A compiler is a program that translates source code written in a programming language to a stream of machine language statements. The process of compilation consists of two stages, parsing and code generation. In the parsing stage the compiler reads the source file and analyses its structure. The output of the parsing stage is typically an intermediate data structure that reflects the structure of the code in the source file. That data structure then acts as input for the algorithms in the code generation stage.

All modern programming languages are context free languages described by context free grammars. A source code file can be thought of as a single long string in the context free language. As we have already seen, a string is a member of a context free language if there is a derivation for that string in the grammar. We have also seen that derivations are essentially equivalent to parse trees. The purpose of parsing algorithms therefore is to construct a parse tree from an input string.

Shift-Reduce Parsers

In these lectures we are going to study a particular kind of parser called a shift-reduce parser. This kind of parser consists of an input stream, a parser stack, and some kind of control device. The parser shifts symbols from the input onto the stack. When the symbols on the top of the stack form what looks like the right hand side of some grammar rule, the parser reduces that right hand side to the left hand side of the rule by popping the symbols that make up the right hand side off the stack and pushing the variable on the left hand side in their place.

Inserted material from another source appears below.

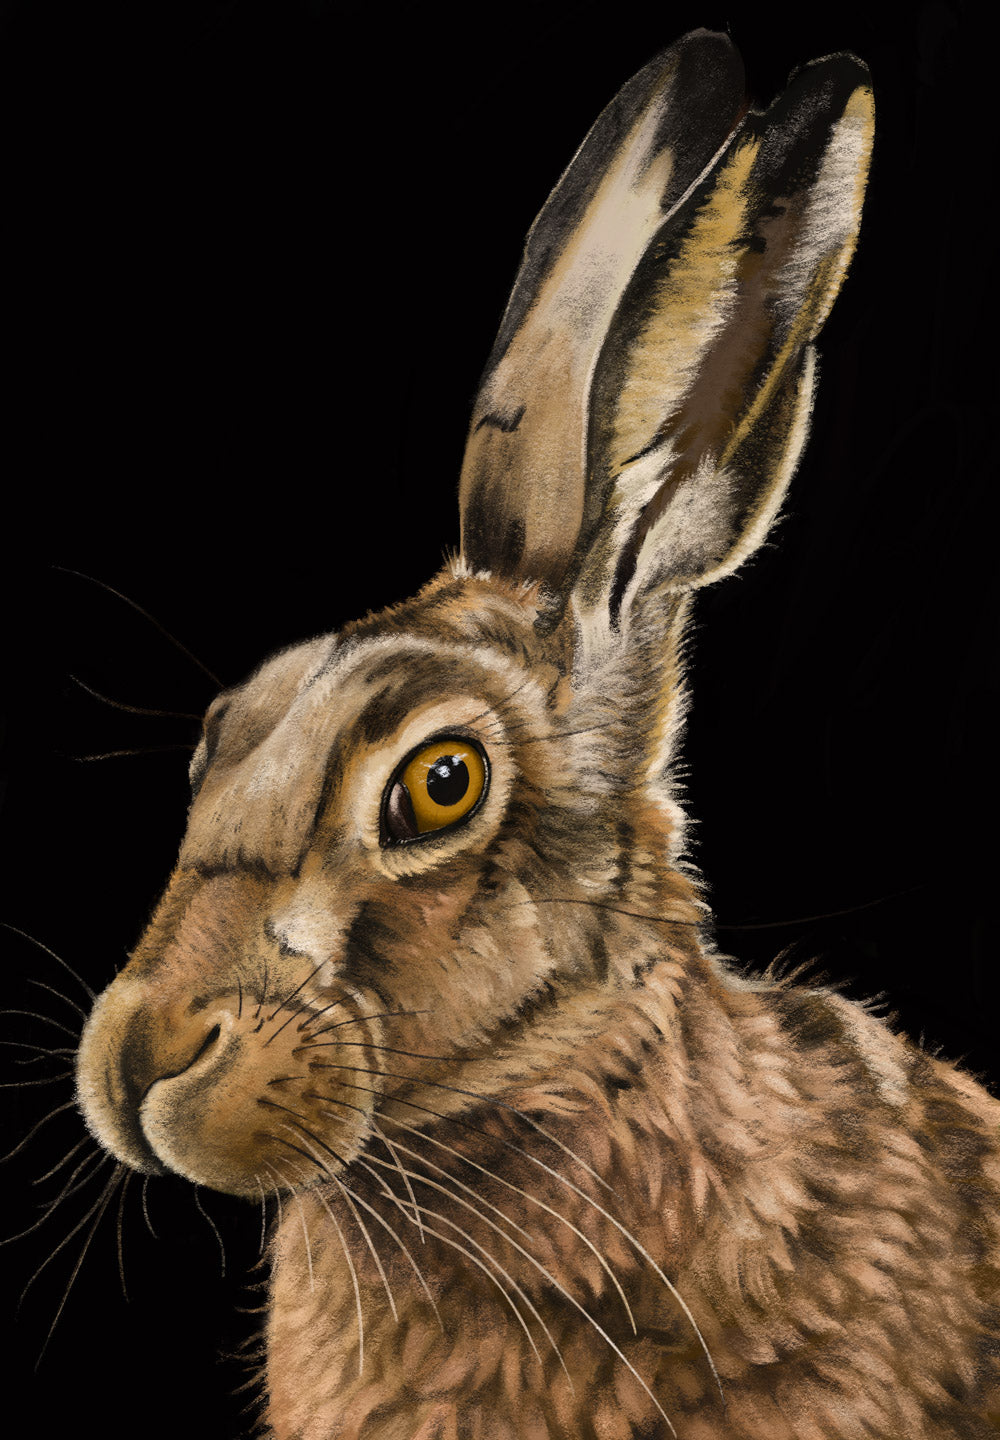 Will_J_Bailey_Rabbit_Painting.jpg

The purpose of the control is to keep track of what sits on the stack and to decide when to shift new symbols to the stack and when to reduce. The control is essentially a modified finite state machine that acts as a recognizer for right hand sides of grammar rules. Below I will describe the construction of the states and transitions of this machine. The control differs from a traditional finite state machine in one important respect. As terminals and variables get pushed on the stack we also push information about the current state on the stack along with them. When the control enters a state that indicates that a reduction should take place we pop the appropriate number of elements from the stack and then jump to the state sitting on the top of the stack. From that state we take the transition indicated by that state and the variable on the left hand side of the rule we are reducing.

Configurations

The primary task that the control carries out is the task of recognizing right hand sides of grammar rules. The states of the control track progress in recognizing a right hand side through the use of configurations. A configuration looks like a grammar rule augmented with an additional symbol that tracks our progress in identifying the right hand side. For example, consider a grammar rule

A → B C

At the start of the recognition process, before we have seen any of the symbols on the right hand side, we are in this configuration:

A → • B C

After we have seen the variable B we are in configuration

A → B • C

When we have seen the entire right hand side of the rule we are in the configuration

A → B C •

Configurations with • at the end of the right hand side signal reductions.

Preparing the Grammar

Shift-reduce grammars work with most reasonable grammars, although a slight amount of preparation is necessary. The first thing we have to do is to add an additional terminal symbol, called the end marker, to the terminal symbols of the grammar. The end marker will be the last symbol in the input stream. In every example below we will use the symbol $ as the end marker.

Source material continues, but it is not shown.